= Beginning of Section =

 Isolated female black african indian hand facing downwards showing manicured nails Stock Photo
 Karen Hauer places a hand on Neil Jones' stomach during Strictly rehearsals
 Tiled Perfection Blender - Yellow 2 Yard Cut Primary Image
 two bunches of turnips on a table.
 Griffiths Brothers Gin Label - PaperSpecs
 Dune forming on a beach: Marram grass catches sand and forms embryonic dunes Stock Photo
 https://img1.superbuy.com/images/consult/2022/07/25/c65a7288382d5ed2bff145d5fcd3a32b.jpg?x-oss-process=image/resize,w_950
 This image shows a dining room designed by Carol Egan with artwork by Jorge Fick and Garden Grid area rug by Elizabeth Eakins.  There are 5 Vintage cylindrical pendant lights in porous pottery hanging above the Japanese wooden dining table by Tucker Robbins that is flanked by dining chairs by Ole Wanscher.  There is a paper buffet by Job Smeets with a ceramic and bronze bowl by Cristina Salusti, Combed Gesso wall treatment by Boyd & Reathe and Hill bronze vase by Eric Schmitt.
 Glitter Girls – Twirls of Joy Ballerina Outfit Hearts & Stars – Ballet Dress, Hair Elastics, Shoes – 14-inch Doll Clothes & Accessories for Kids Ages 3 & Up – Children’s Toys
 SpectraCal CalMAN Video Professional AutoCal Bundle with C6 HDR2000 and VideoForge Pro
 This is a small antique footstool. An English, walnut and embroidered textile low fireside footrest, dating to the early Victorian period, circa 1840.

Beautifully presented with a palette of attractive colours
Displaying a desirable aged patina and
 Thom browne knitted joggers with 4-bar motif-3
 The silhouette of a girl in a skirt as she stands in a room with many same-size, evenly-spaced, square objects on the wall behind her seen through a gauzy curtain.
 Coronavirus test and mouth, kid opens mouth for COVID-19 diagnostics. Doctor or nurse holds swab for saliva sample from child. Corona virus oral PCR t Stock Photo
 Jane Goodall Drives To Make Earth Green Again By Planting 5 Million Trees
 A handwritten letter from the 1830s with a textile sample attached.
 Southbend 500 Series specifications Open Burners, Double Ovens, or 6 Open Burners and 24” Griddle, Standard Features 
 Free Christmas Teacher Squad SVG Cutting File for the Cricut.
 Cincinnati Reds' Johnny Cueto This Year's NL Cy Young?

= End of Section =

Would you copy every line of the entries in which "Stock" appears?

 Isolated female black african indian hand facing downwards showing manicured nails Stock Photo
 Dune forming on a beach: Marram grass catches sand and forms embryonic dunes Stock Photo
 Coronavirus test and mouth, kid opens mouth for COVID-19 diagnostics. Doctor or nurse holds swab for saliva sample from child. Corona virus oral PCR t Stock Photo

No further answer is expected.